Repeat exactly the lines of the records below, starting at the line containing "Brushed Hacci V-Neck" and ending at the line containing "Deliver on Your Verbal Contracts". Leave the pictures out.
---------- The input ----------
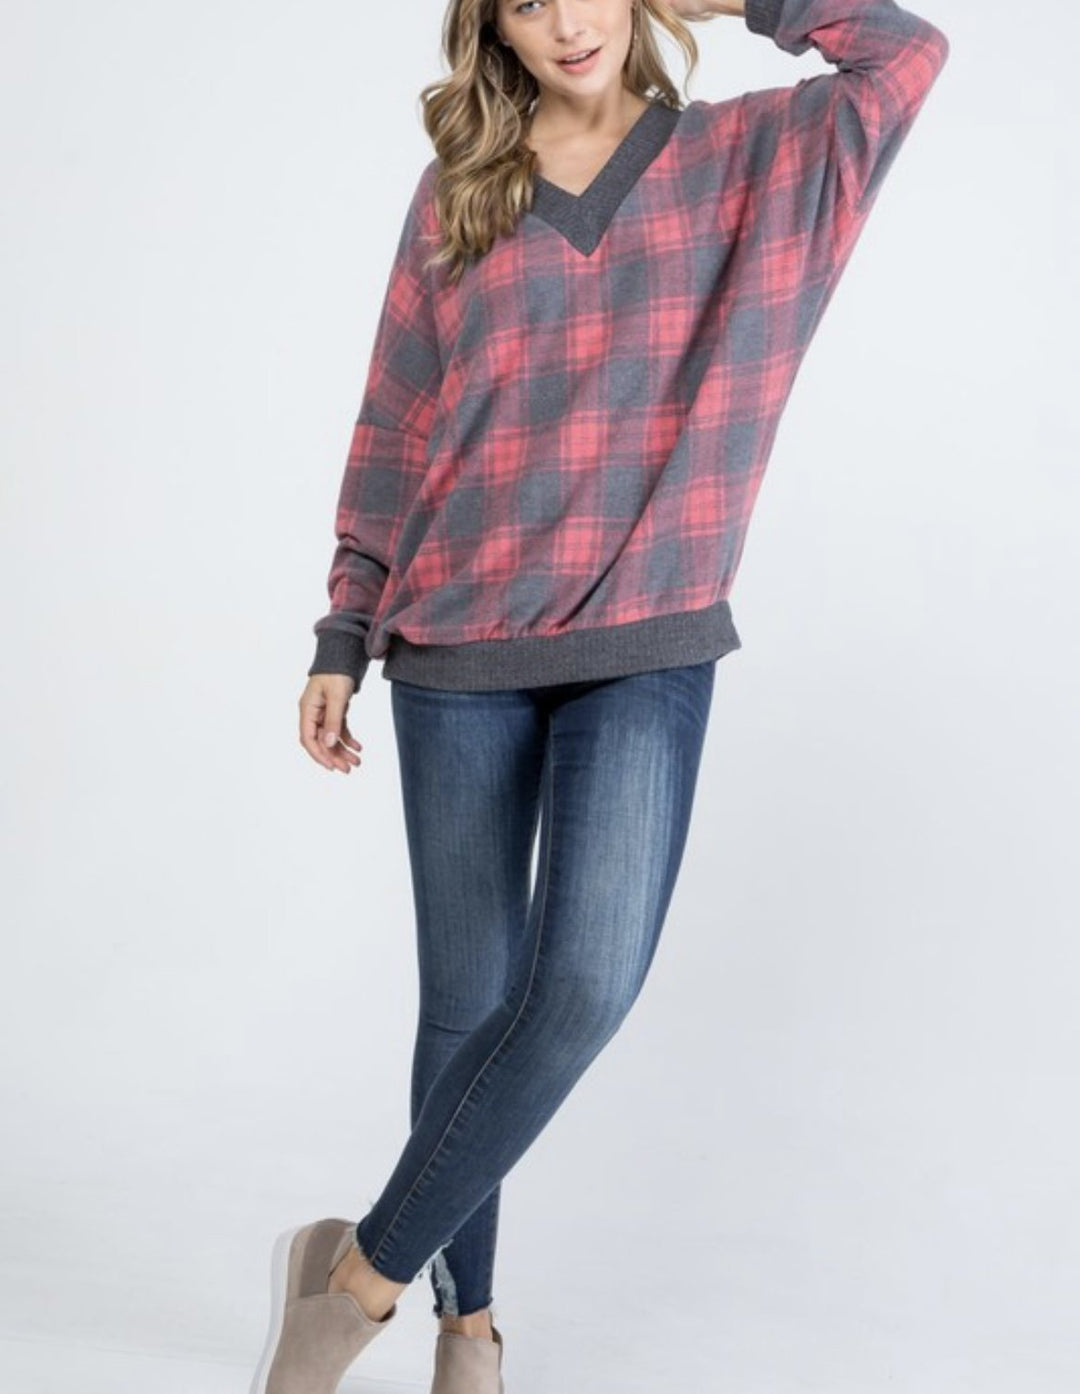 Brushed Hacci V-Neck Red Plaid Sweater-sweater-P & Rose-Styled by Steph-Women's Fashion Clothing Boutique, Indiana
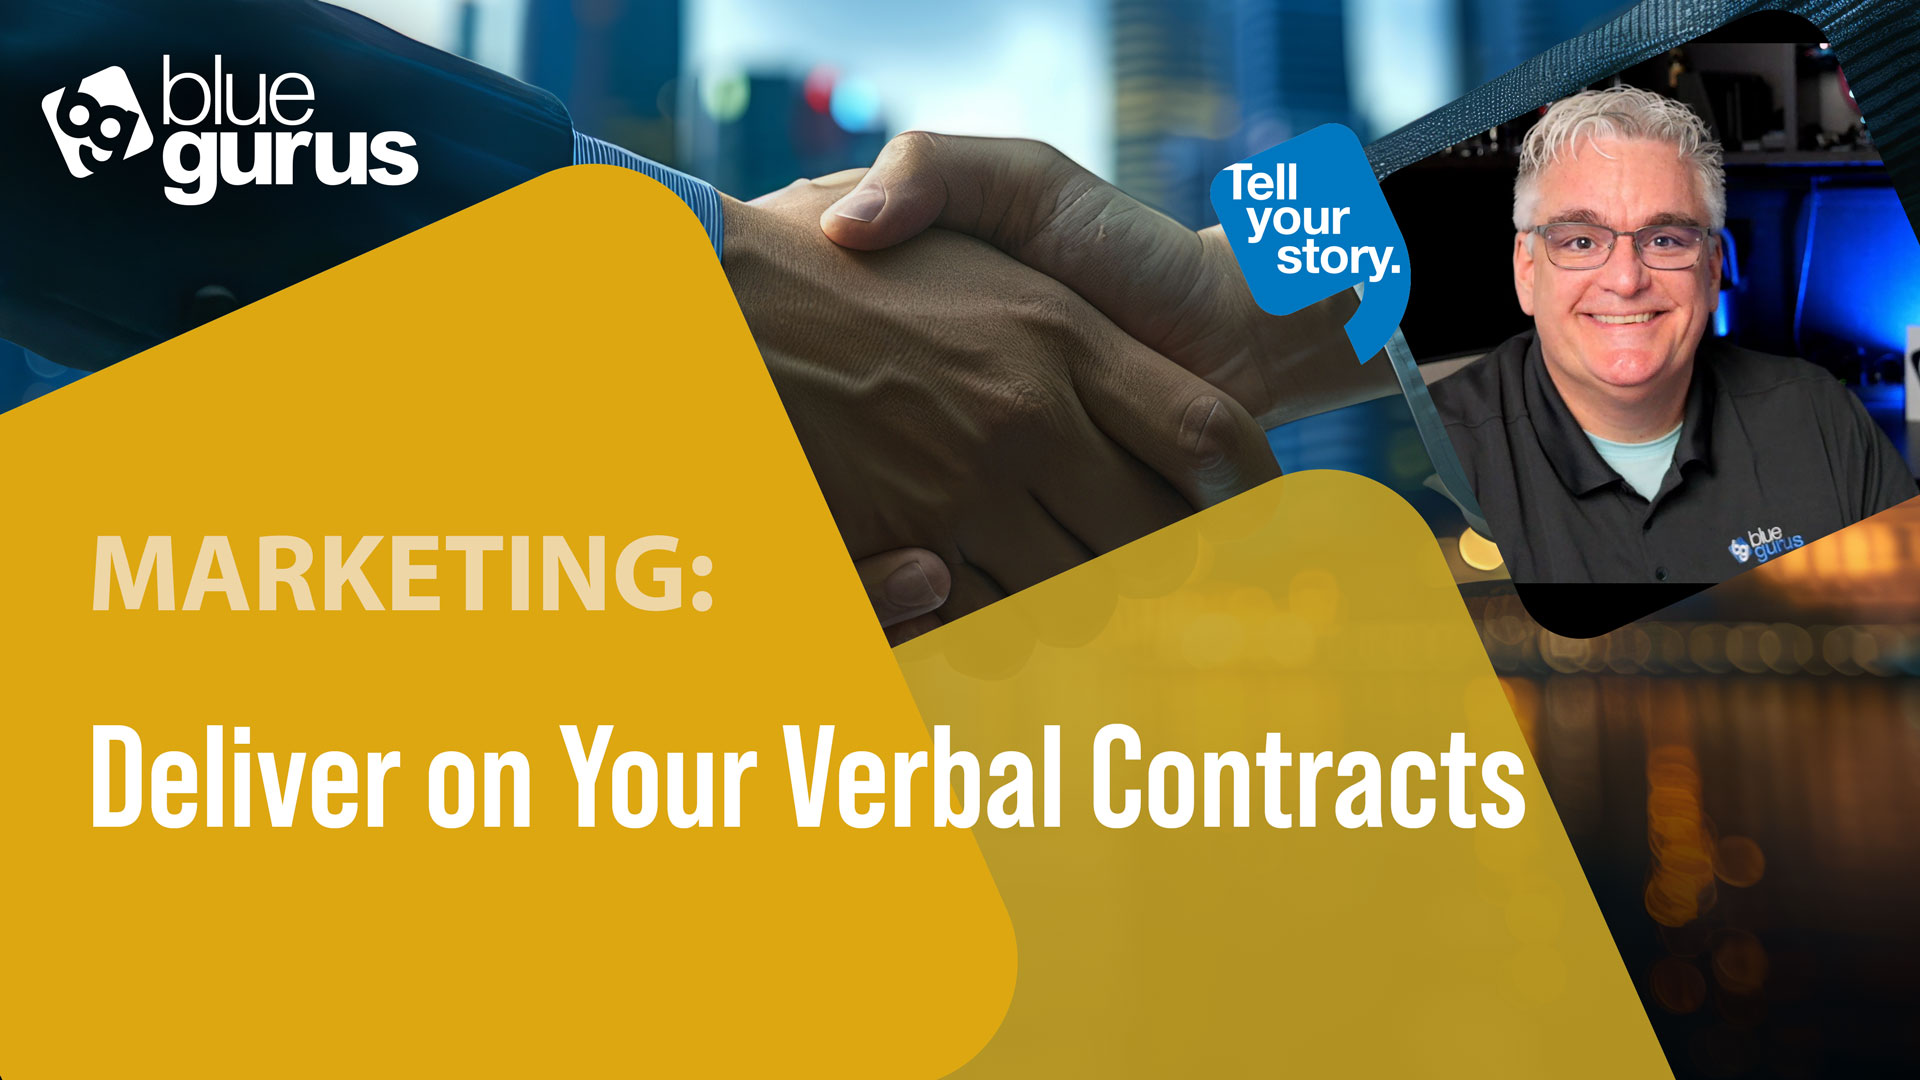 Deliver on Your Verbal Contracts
----------
---------- The input ----------
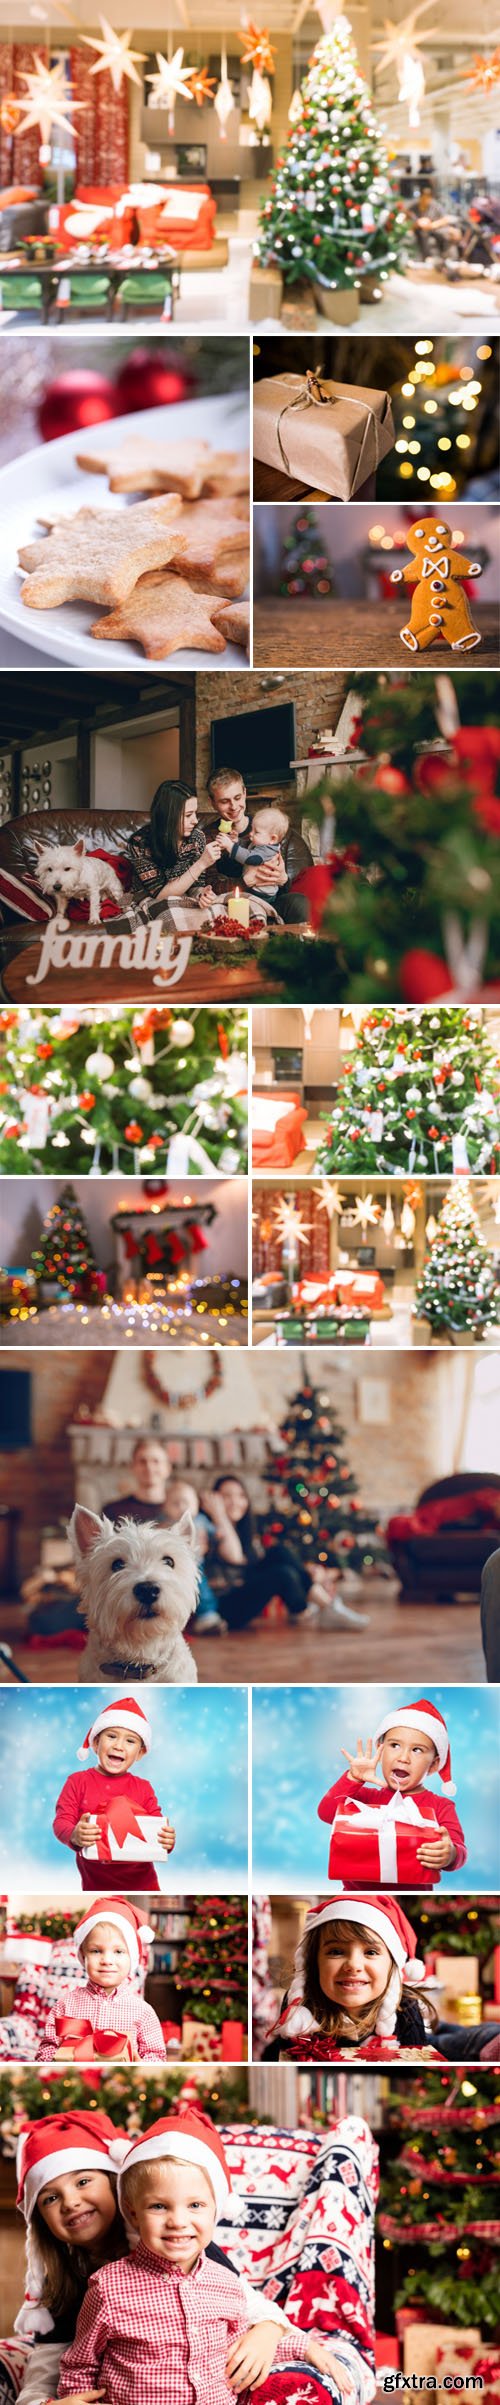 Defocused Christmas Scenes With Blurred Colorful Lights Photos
----------
---------- The input ----------
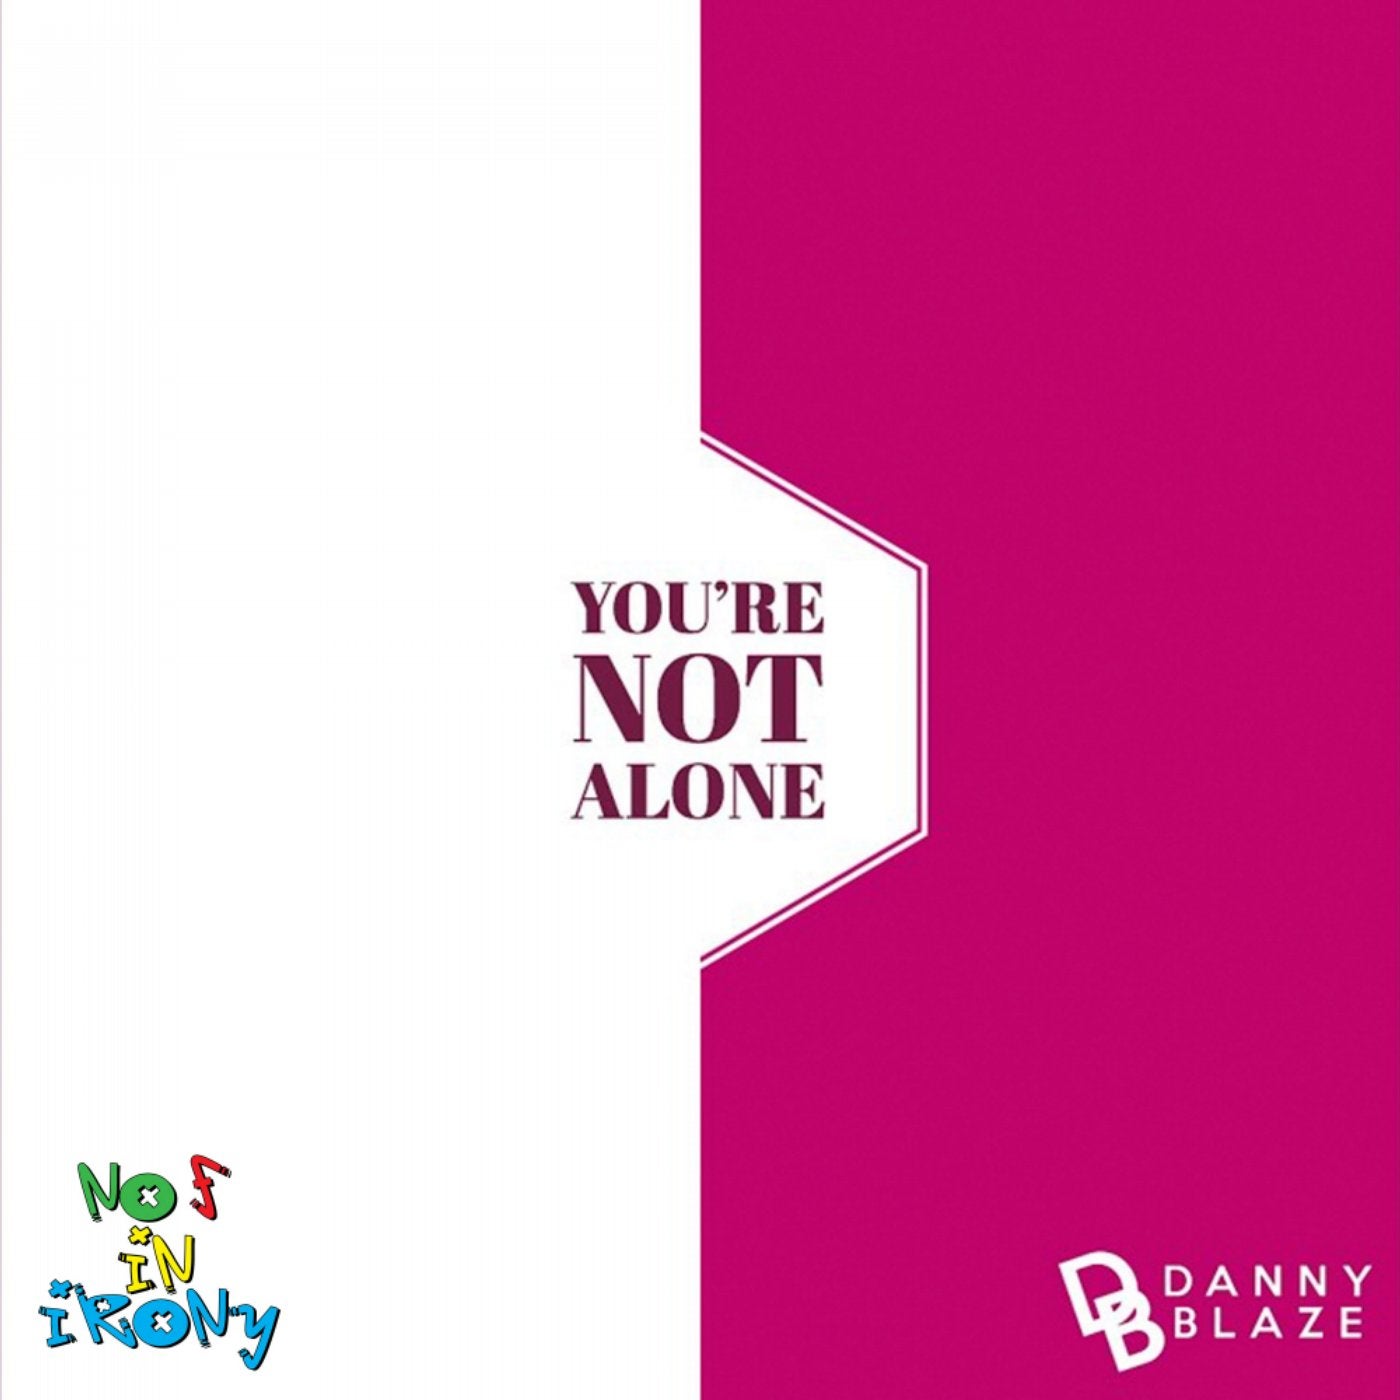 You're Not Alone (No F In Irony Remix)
----------
— Answer to the exercise —
 Brushed Hacci V-Neck Red Plaid Sweater-sweater-P & Rose-Styled by Steph-Women's Fashion Clothing Boutique, Indiana
 Deliver on Your Verbal Contracts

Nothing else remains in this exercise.